Огнекрай — просто окраина огромной Снежной, потому до их деревни мало кому было дело. Про них вспоминали, если случалось что-то из ряда вон выходящее, но чаще всего жизнь была относительно мирной. И не самой сытной. Скот в их краю не приживался, до столицы путь был неблизкий, потому единственной возможностью прокормиться была охота. Ни о каких кулинарных изысках и речи не было. Потому стоило им двоим только перебраться в столицу, где не было дефицита еды…
У первой банки варёной сгущёнки, съеденной лишь ими двумя, да прямо так, ложками, был вкус утраченного безвозвратного детства. Пусть Клара с Владом забавлялись, дразнясь тем, что сразу видно — деревенщины, ни Станиславе, ни Андрею не было до этого дела, и они даже впервые за всю жизнь сошлись на едином мнении — столичные мажоры просто не осознают своего счастья.
Вспоминать о подобном… приятно. Пусть становится немного не по себе от осознания, что этого уже не вернуть, но всё же приятного больше. Ничего ведь, в сущности, не поменялось — они снова остались лишь вдвоём, как было и в Огнекрае. Они всё ещё знакомы с детства и, главное, всё ещё есть друг у друга. То время, когда жила их сказка, не сравнится с тем, сколько они провели бок о бок только вдвоём.
Одна из причин, по которой Андрей сбежал в Фатуи, как только подвернулась возможность, это голод. Он был первым ребёнком из семерых и получал больше внимания, чем младшие, но всё же наблюдать за однообразными днями, проходящих в голоде и холоде, было невыносимо-удушающе. Станиславе повезло в этом чуть больше — в семье из детей была лишь она да Славка, к тому же, что отец, что дед, всю жизнь были охотниками, потому и её легко пристроили — по её же инициативе.
Станислава всегда оставляла дичь покрупнее для его семьи, чтобы поделиться — пусть псина её и была бешеной, но брала след хорошо, как и помогала на охоте. Ровно как и нерадивая хозяйка, этот лютый зверь чувствовал себя на месте, не когда грелся у растопленной печи, не когда его трепали по загривку и любили всей семьёй, а когда был приставлен к делу и мог принести пользу. На охоте его нрав притуплялся, словно вовсе не он был нервным большую часть своей жизни. Интересно, как он поживает сейчас.

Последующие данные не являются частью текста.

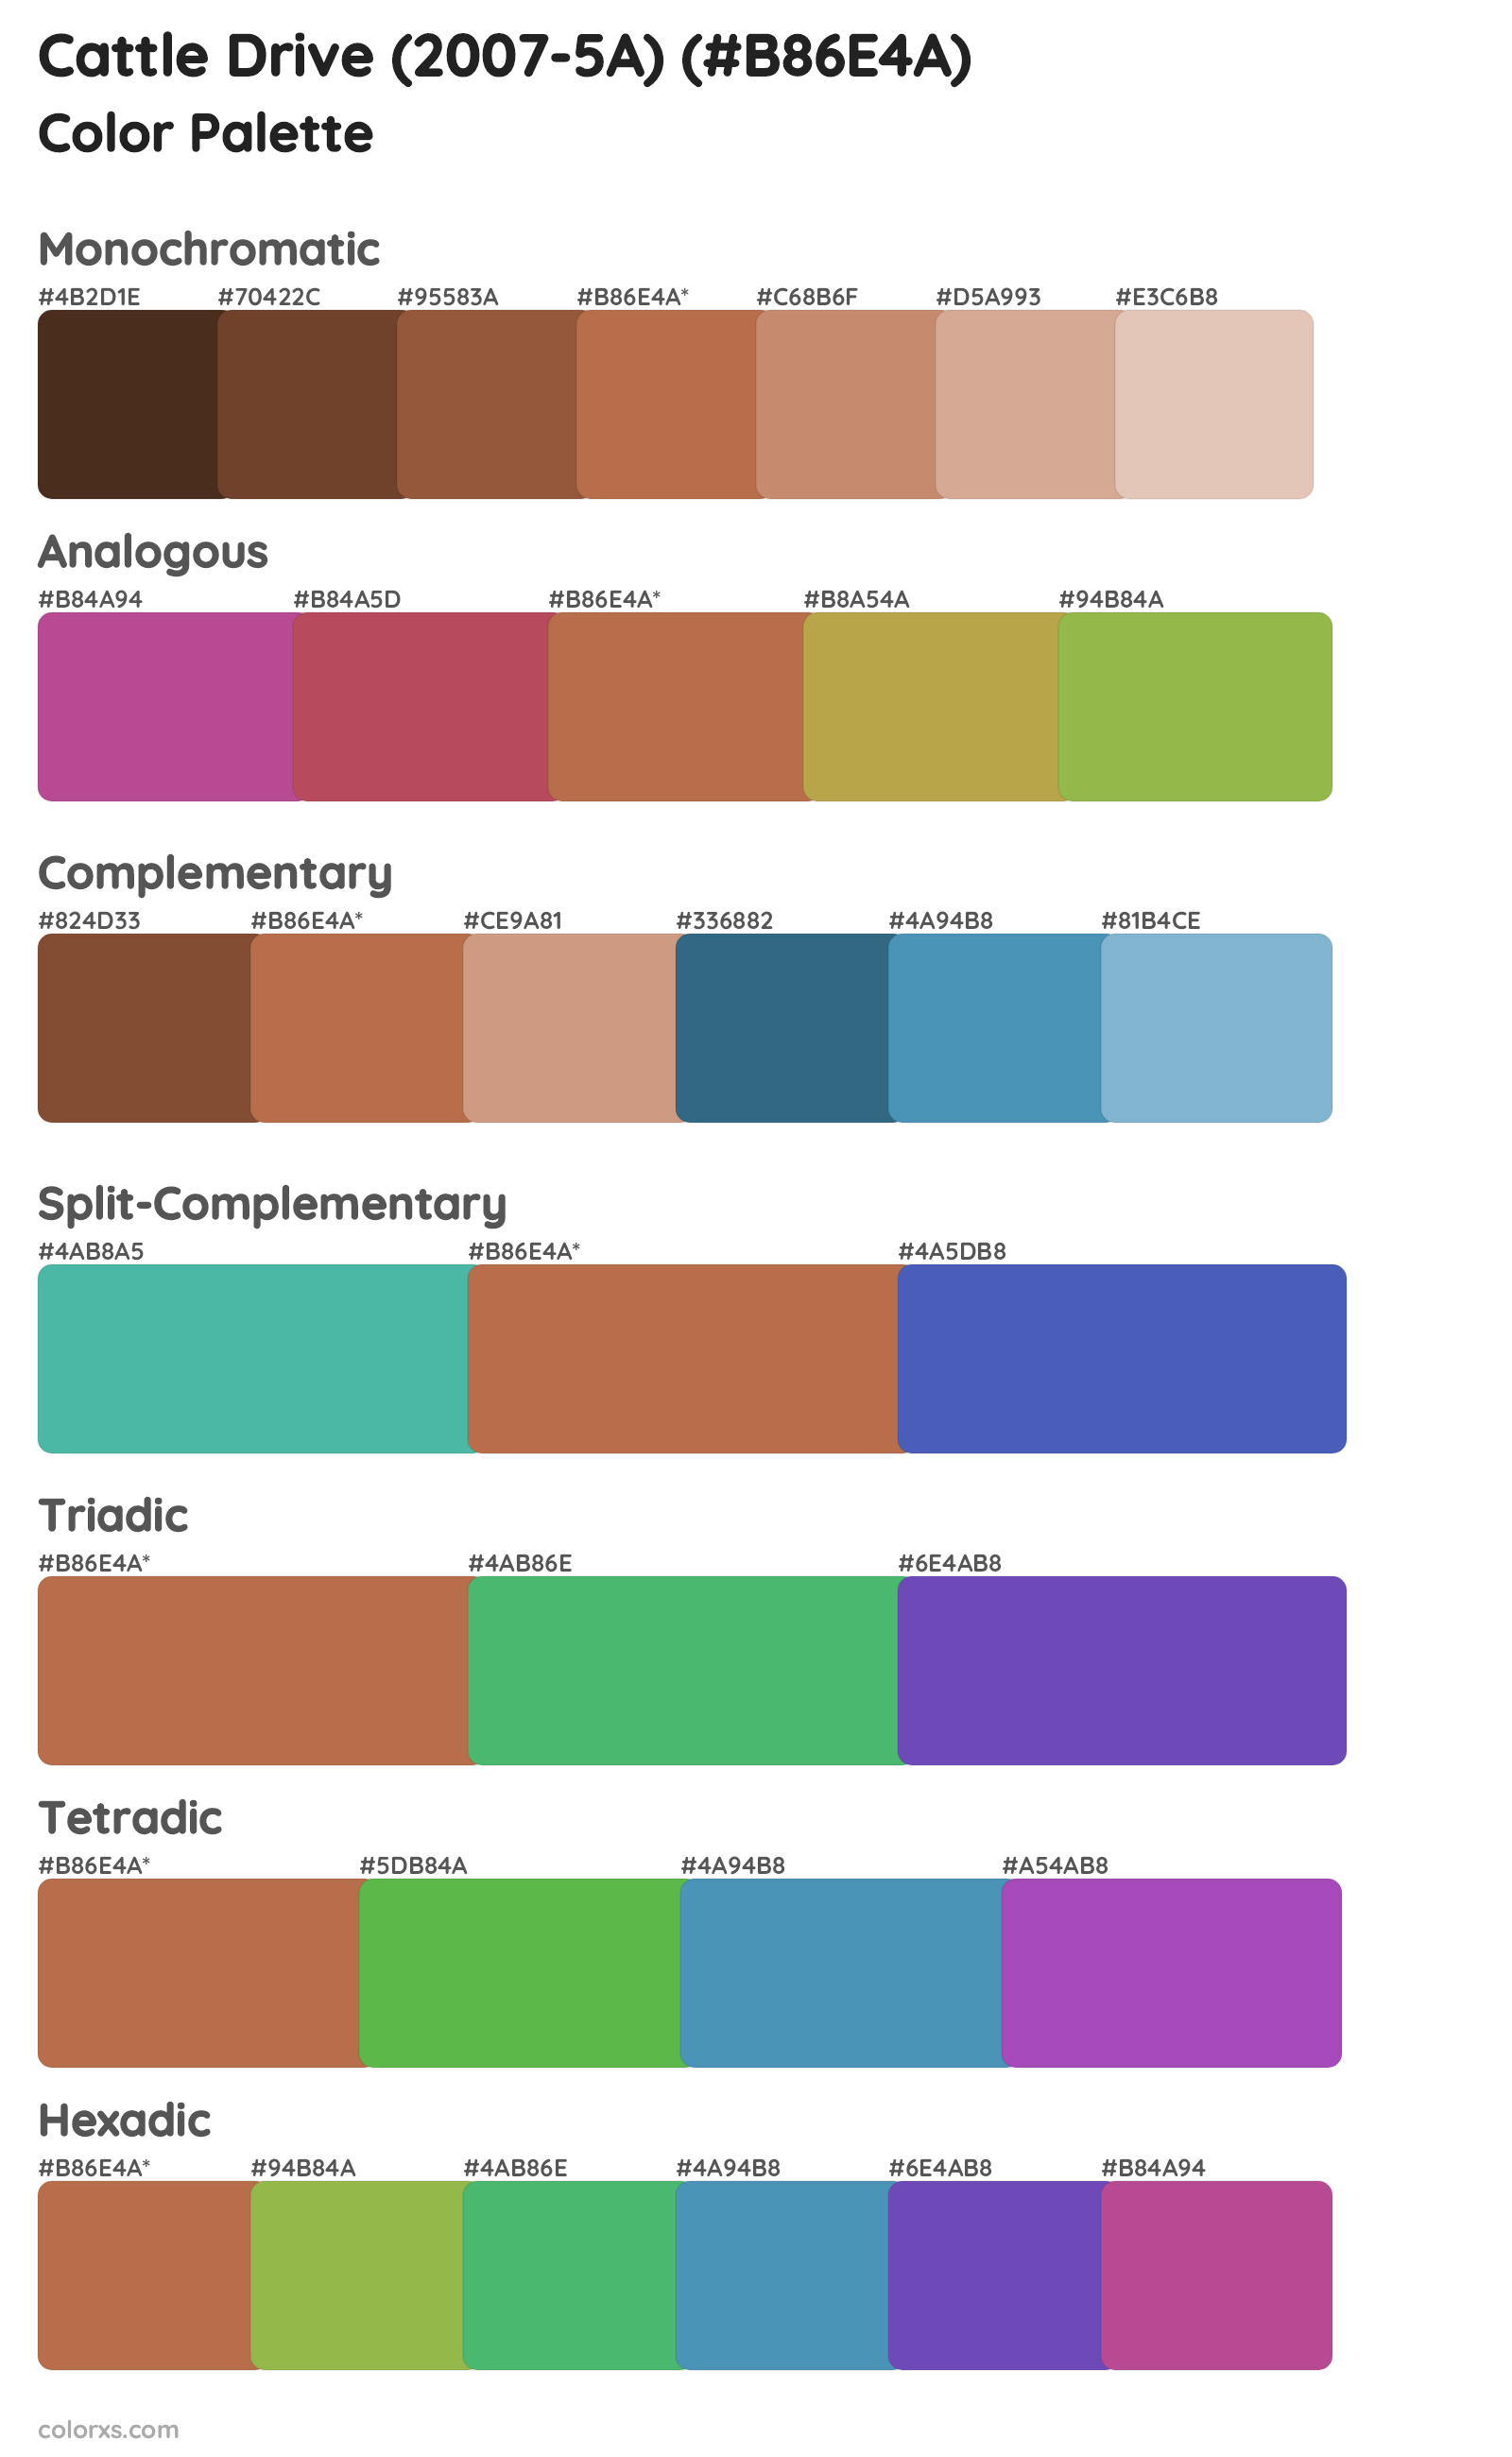 Cattle Drive (2007-5A) Color Scheme Palettes

— Всё, — потягивается Станислава, отложив перо, стоит только заметить возвращение Андрея, — у тебя есть ещё какое-нибудь дело? Не хочу пока что возвращаться домой.

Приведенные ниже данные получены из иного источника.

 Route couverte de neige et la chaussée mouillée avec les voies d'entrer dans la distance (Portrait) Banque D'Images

— Отдыхать тоже нужно, — отвечает Андрей, ставя принесённое на стол, стащив один из бутербродов, — славно поработали, я и не надеялся успеть за сегодня.
Станислава пожимает плечами, без препираний принимая угощение. И если опустить тот факт, что кабинет больше не принадлежит Карлу, как и его самого уже несколько зим нет, всё ощущается по-старому. Словно у них всё снова хорошо. Словно она всё ещё Стася, деревенская девчонка, которая не закрывалась от него, с которой он делил одну буханку хлеба на двоих, и с которой сбегал по ночам к реке, игнорируя глупую легенду их суеверной деревни.
— Что тебе писала матушка? — решает заговорить Андрей, желая подольше удержать волшебное чувство ностальгии, охватывающее, он уверен, не только его, но и Станиславу. Ведь она, пусть и явно злилась на то, что он так подставил её и ввязал в это Предвестника, сейчас лишь вздыхает и выглядит спокойной.
— Ничего интересного, — тихо начинает Станислава, отпивая чай, крепкий и горячий, без сахара, как она любит, — говорила, что я всегда могу вернуться, если захочу, и всё давно в прошлом. А ещё, что Арчи помер. Погрызся насмерть с забредшим в деревню волком. Славный был пёс.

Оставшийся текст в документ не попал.